Roy Inman OBE was a British judoka, coach and author.

Biography
Roy Inman was born 30 April 1946 in Hounslow, London. He died on 30 May 2015, aged 69.

Judo career

Inman started Judo at the Budokwai in London in 1964. He was an international competitor for 12 years, winning two British Open titles, trained in Japan under Isao Okano and ran Fairholme Judo club for 30 years.

He was the British Judo Association National Coach for over 15 years and coached at 4 Olympic Games. Competitors that he coached in that time won 6 Olympic Medals and 14 World Championships. He was Head Coach, and Judo Technical Director for the University of Bath's High Performance Judo Program for 10 years.

Inman was Director of High Wycombe Judo Centre Ltd for over 20 years, and a Director of the British Judo Association Ltd and the British Judo Association Competitions and Events Ltd for over 6 years. Previously he was a member of the B.J.A Management Committee. Formerly Finance Director of a Hire Purchase Firm.
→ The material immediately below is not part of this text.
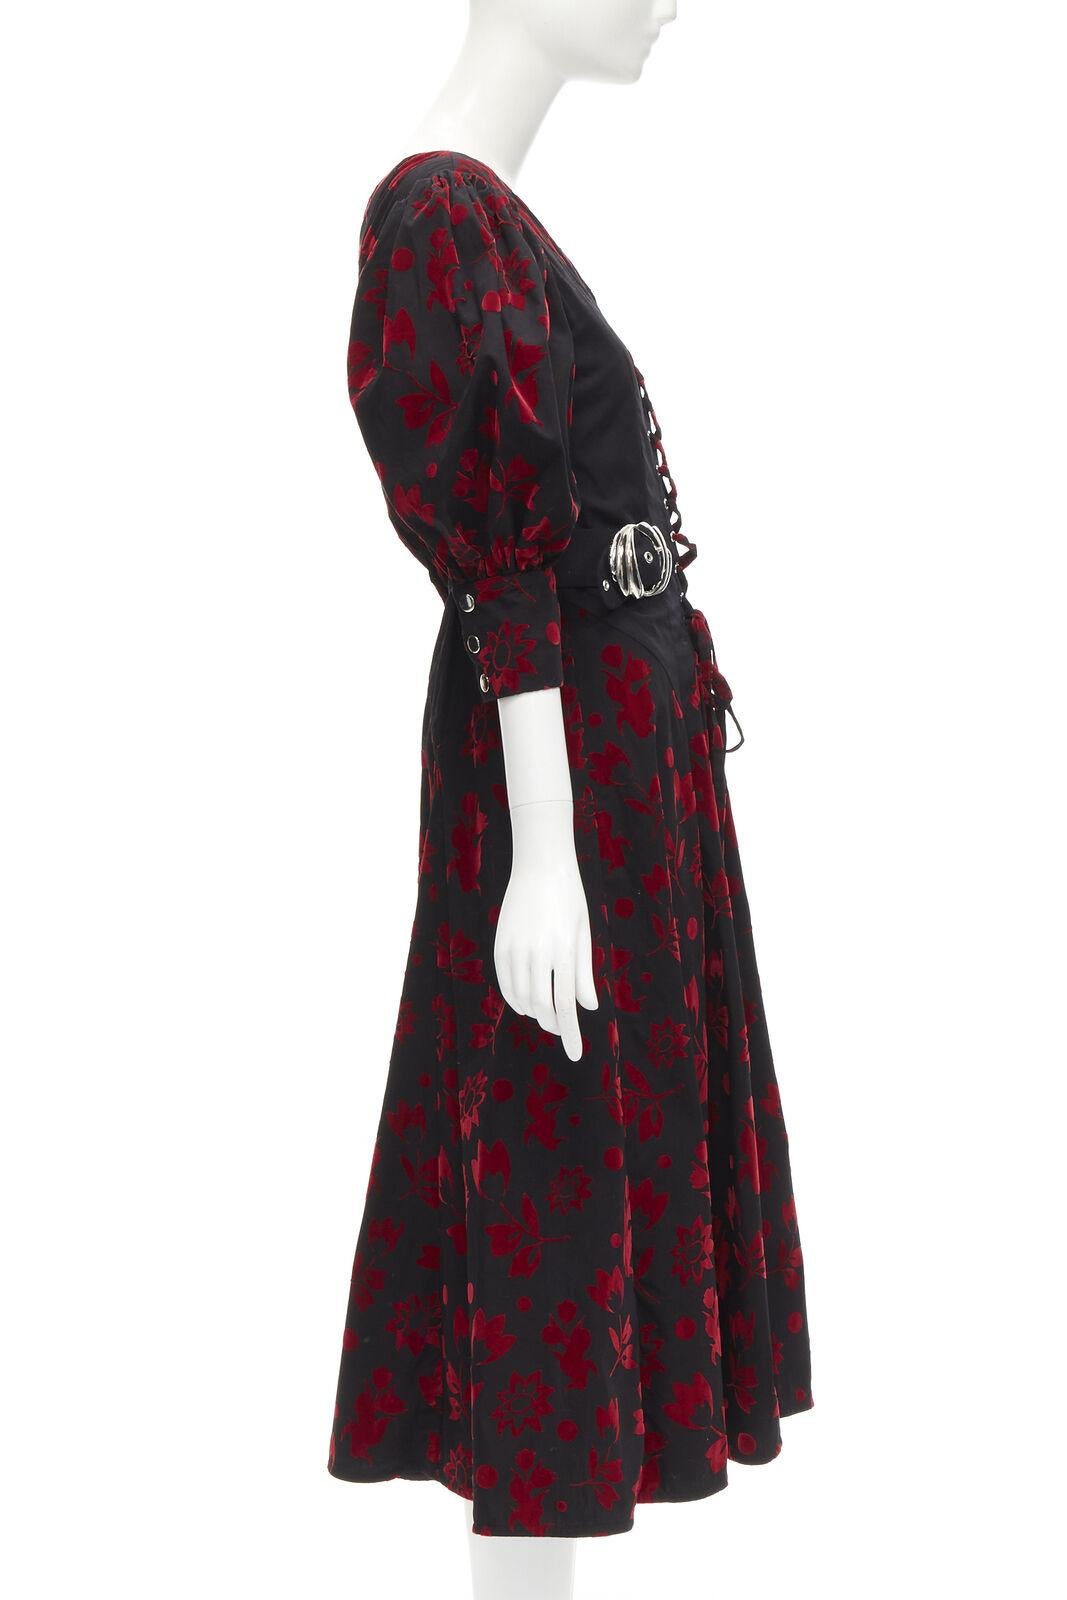 CHOPOVA LOWENA - Robe corset victorienne noire en velours rouge à crochet papillons floraux S Excellent état - En vente à Hong Kong, NT

A prolific Coach Educator, he was a leading deliverer of the B.J.A Club Coach Award, and the architect of the B.J.A Instructor Award. He is a lecturer for the European Judo Union on their suite of Coach Awards, teaching on the E.J.U Level 4 Performance Coach Award at Anglia Ruskin University, Cambridge. Chairman of the B.J.A Coaching Commission since 2010, and Chair of the B.J.A Promotions Commission from 2008.

He served on the board of directors of the British Judo Association from 2001. He was named U.K. coach of the year in 1991, the O.B.E. from H.M. the Queen in 1992 and a Full Blue from the University of Bath in 2001.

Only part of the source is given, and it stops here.